▸ **Work task**
Restate, word for word, the run of lines that starts at the line containing "исполнительный лист схемы для ку и бу" and ends with the final line of the listing. Leave pictures out.

▸ **Stored data**
--------

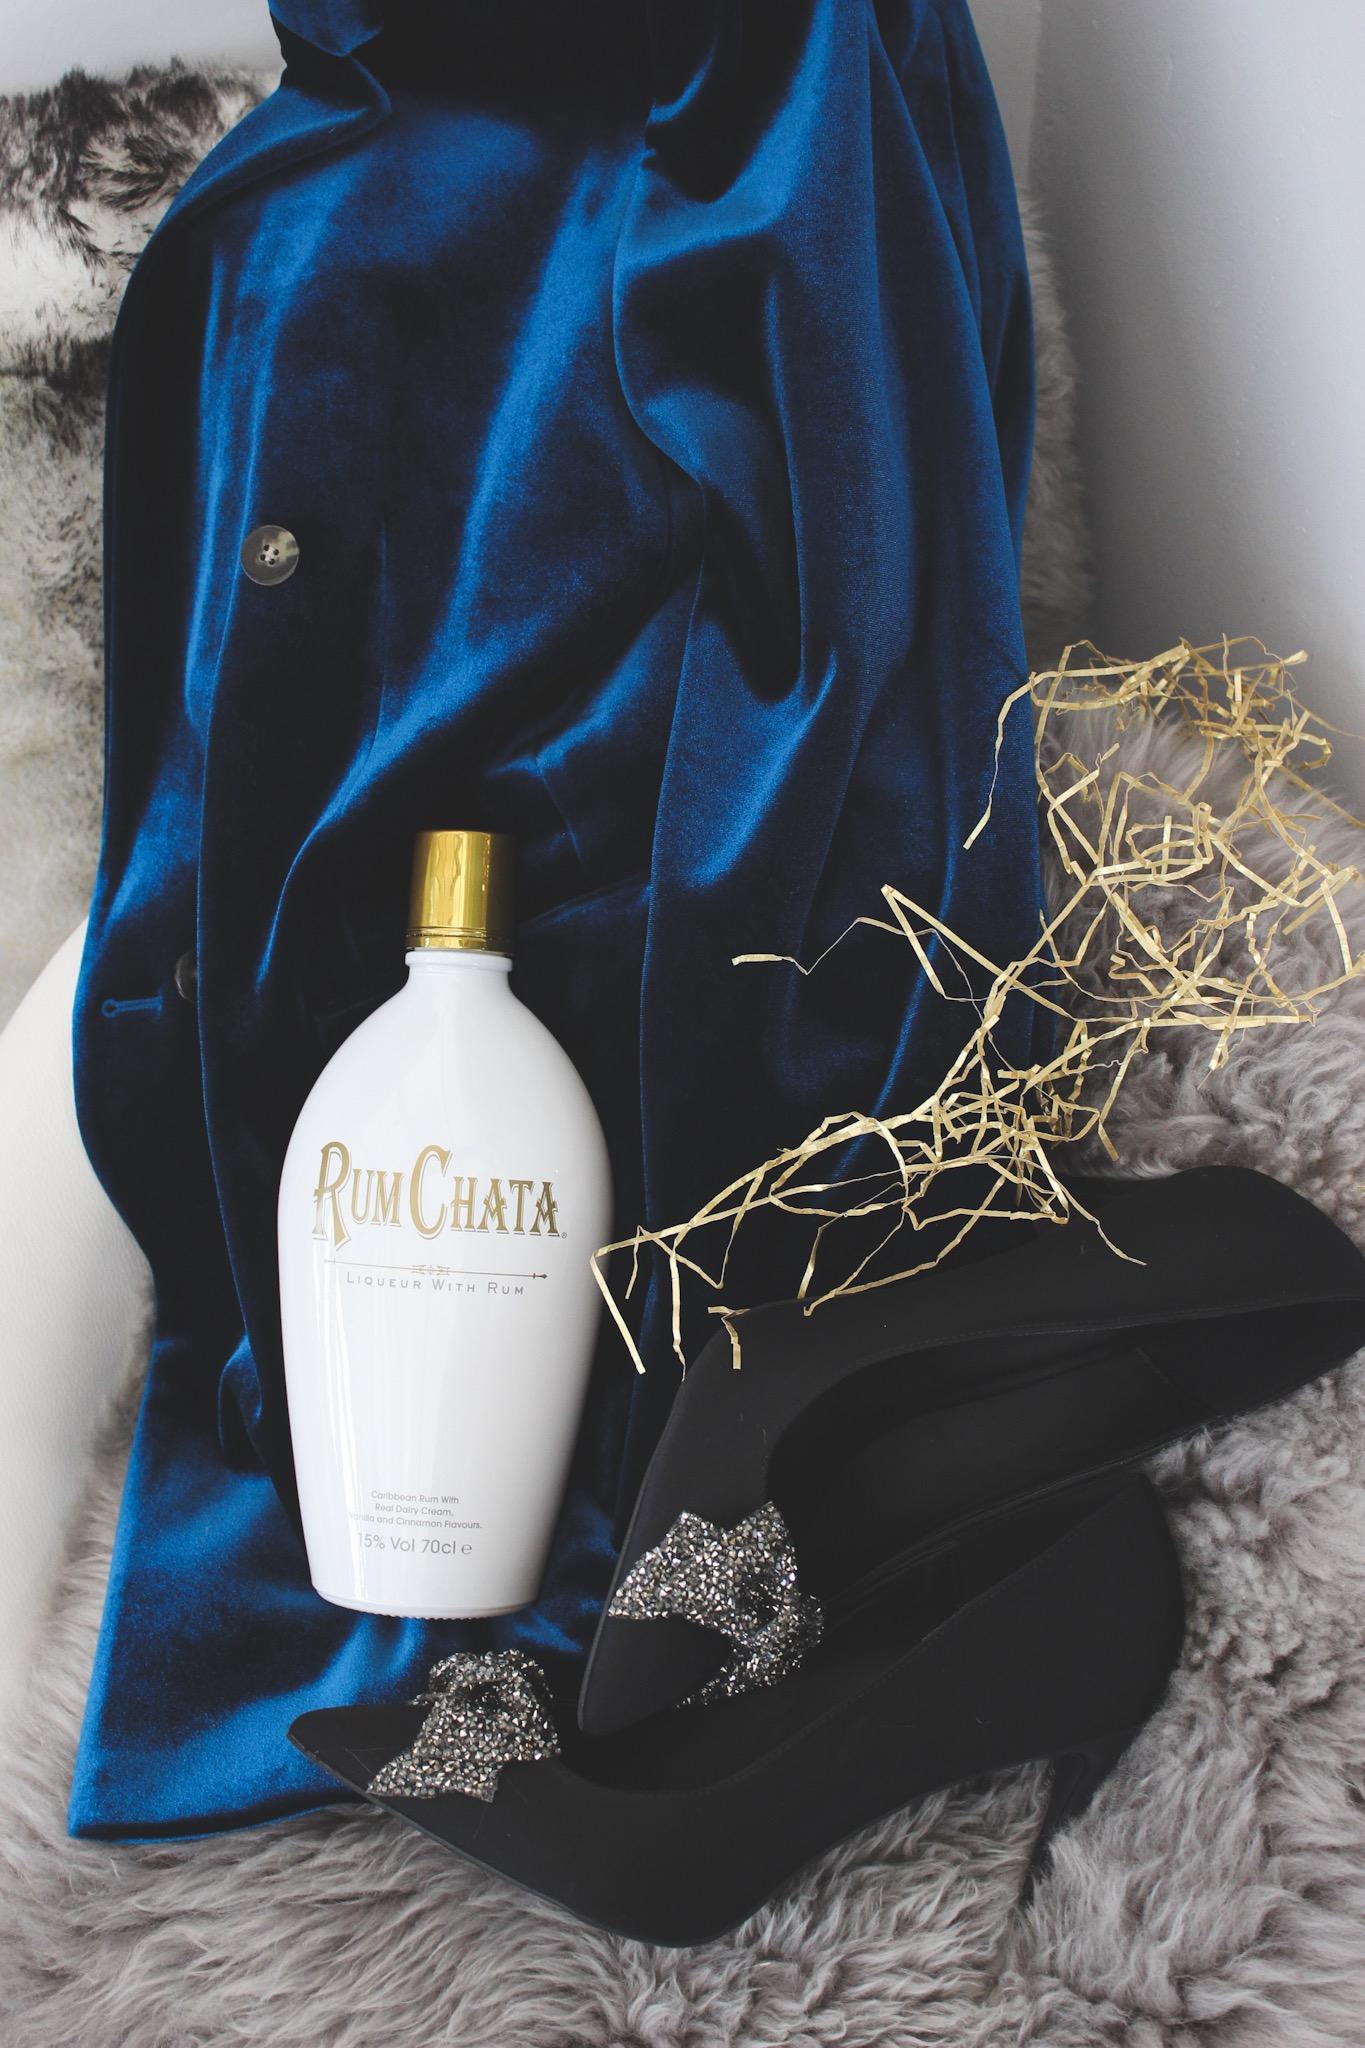 RumChata Rum Cream Liqueur
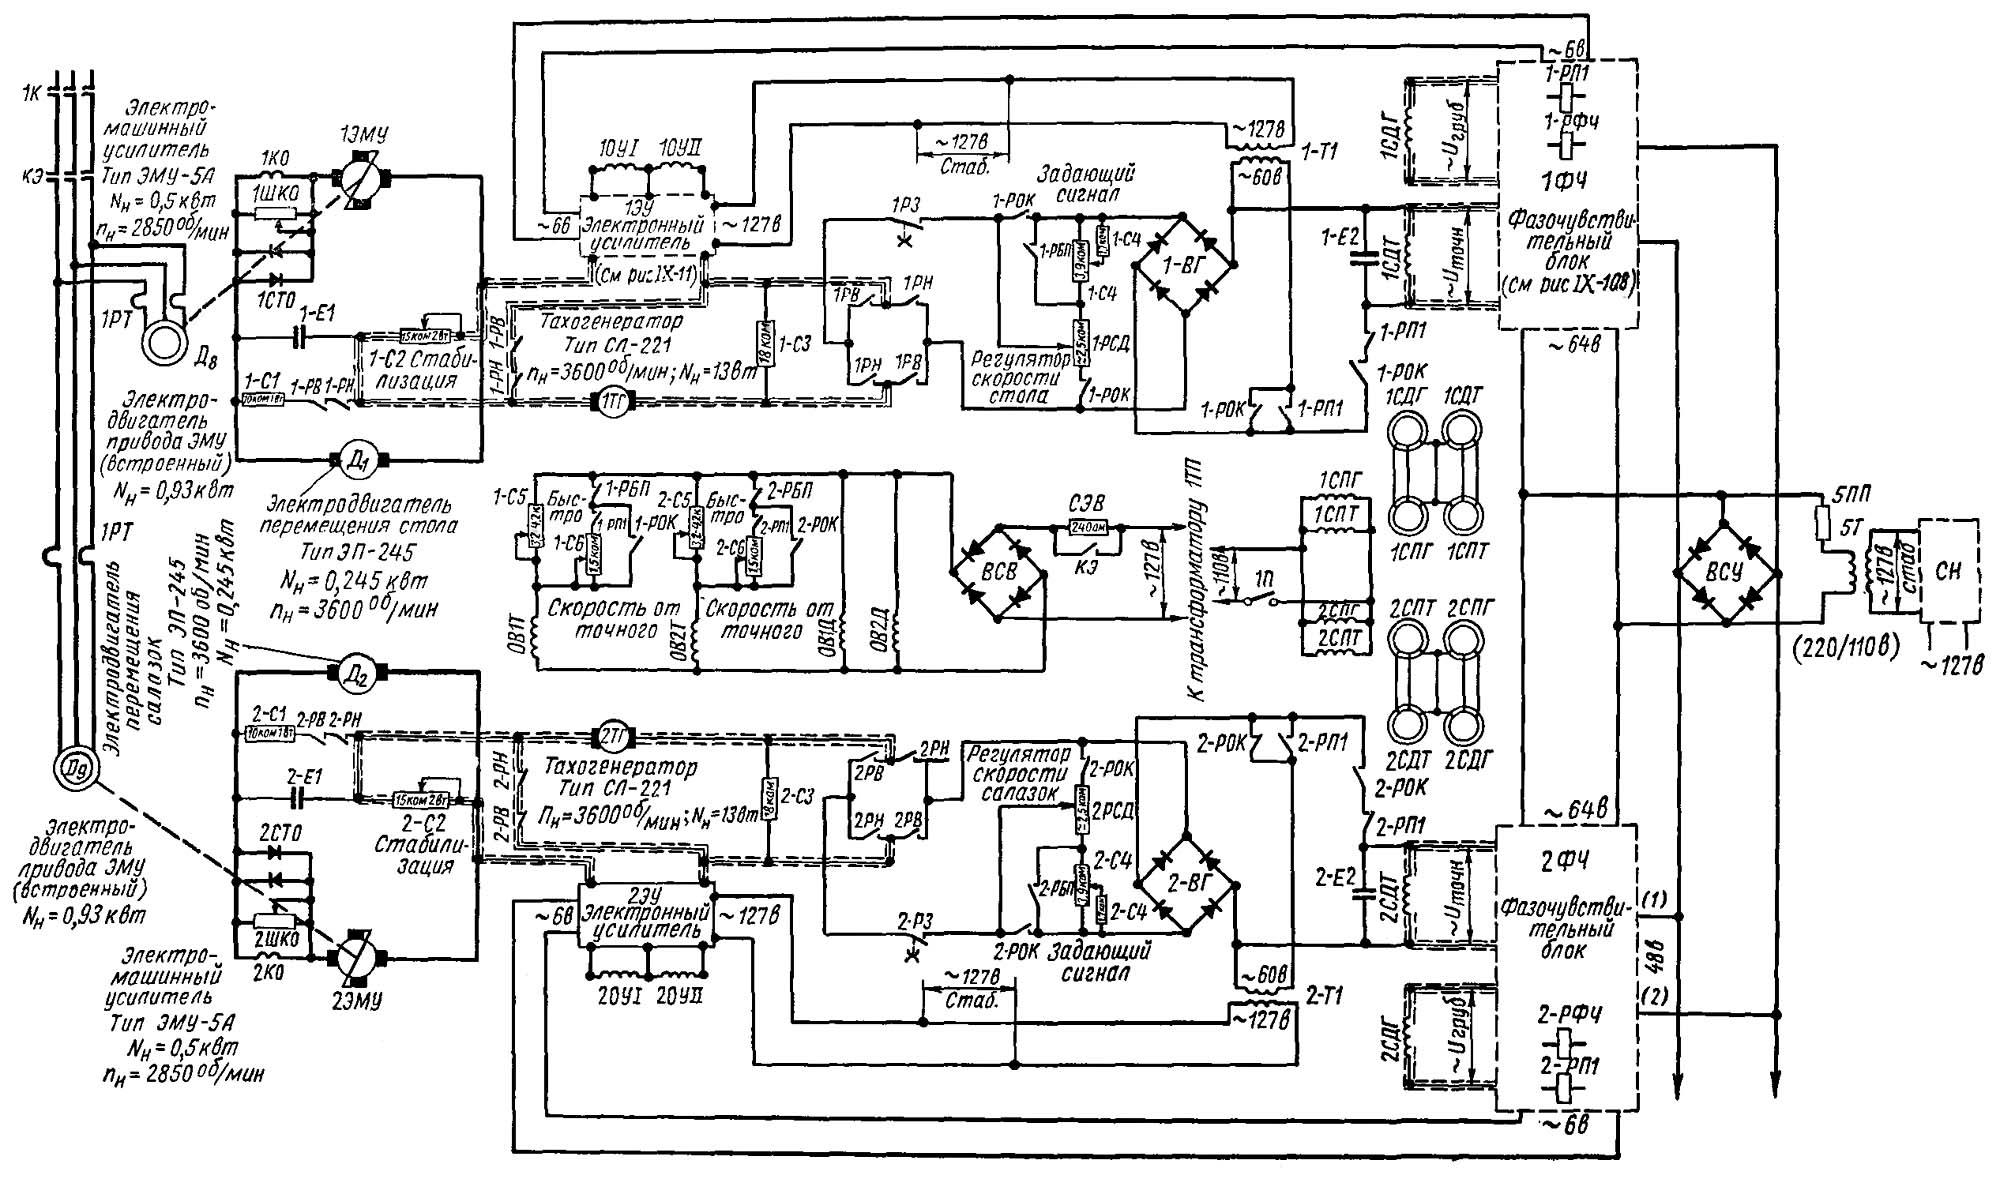 исполнительный лист схемы для ку и бу
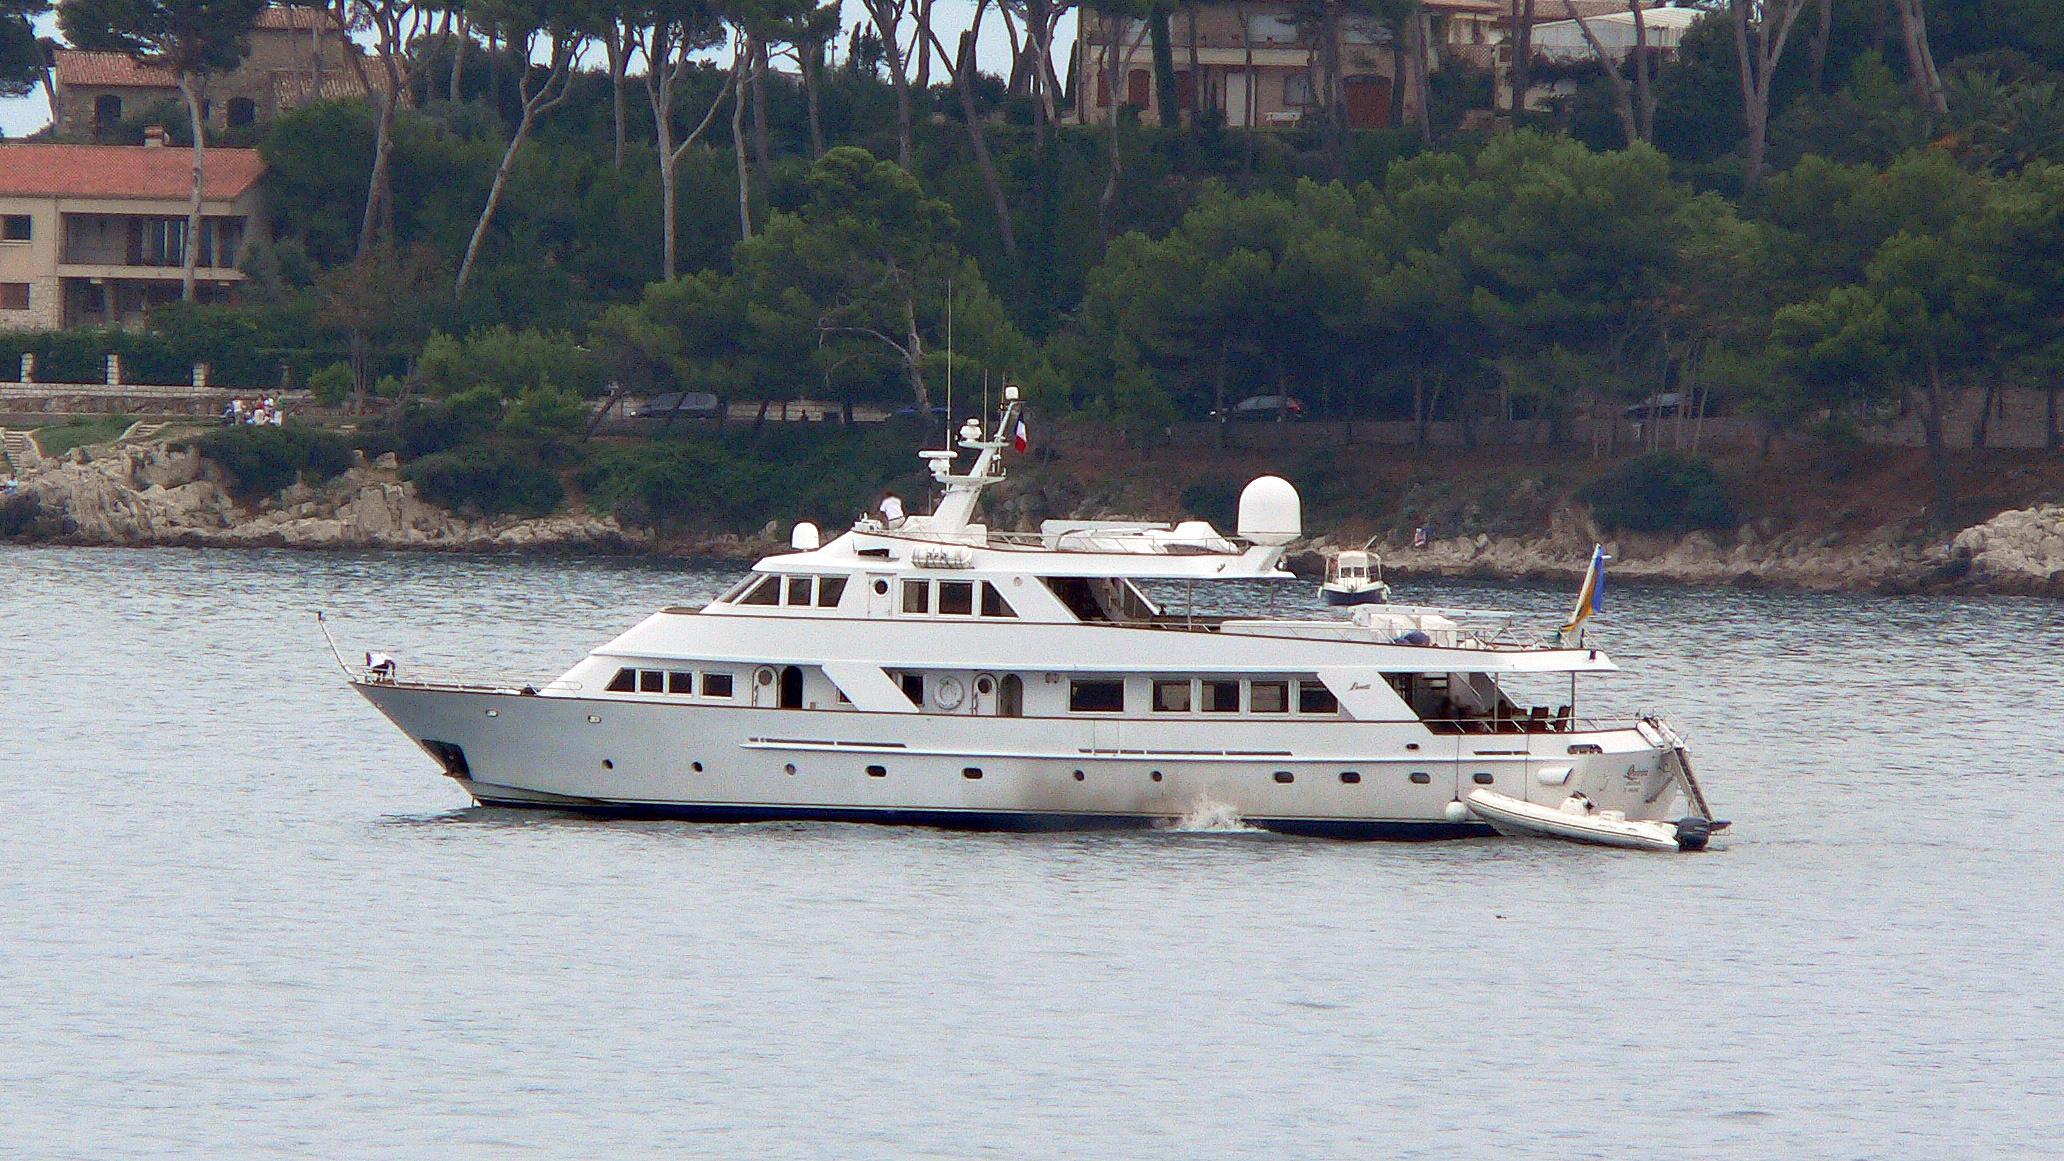 quivira-motor-yacht-benetti-1979-34m-profile-before-refit

--------

▸ **Answer area**
 исполнительный лист схемы для ку и бу
 quivira-motor-yacht-benetti-1979-34m-profile-before-refit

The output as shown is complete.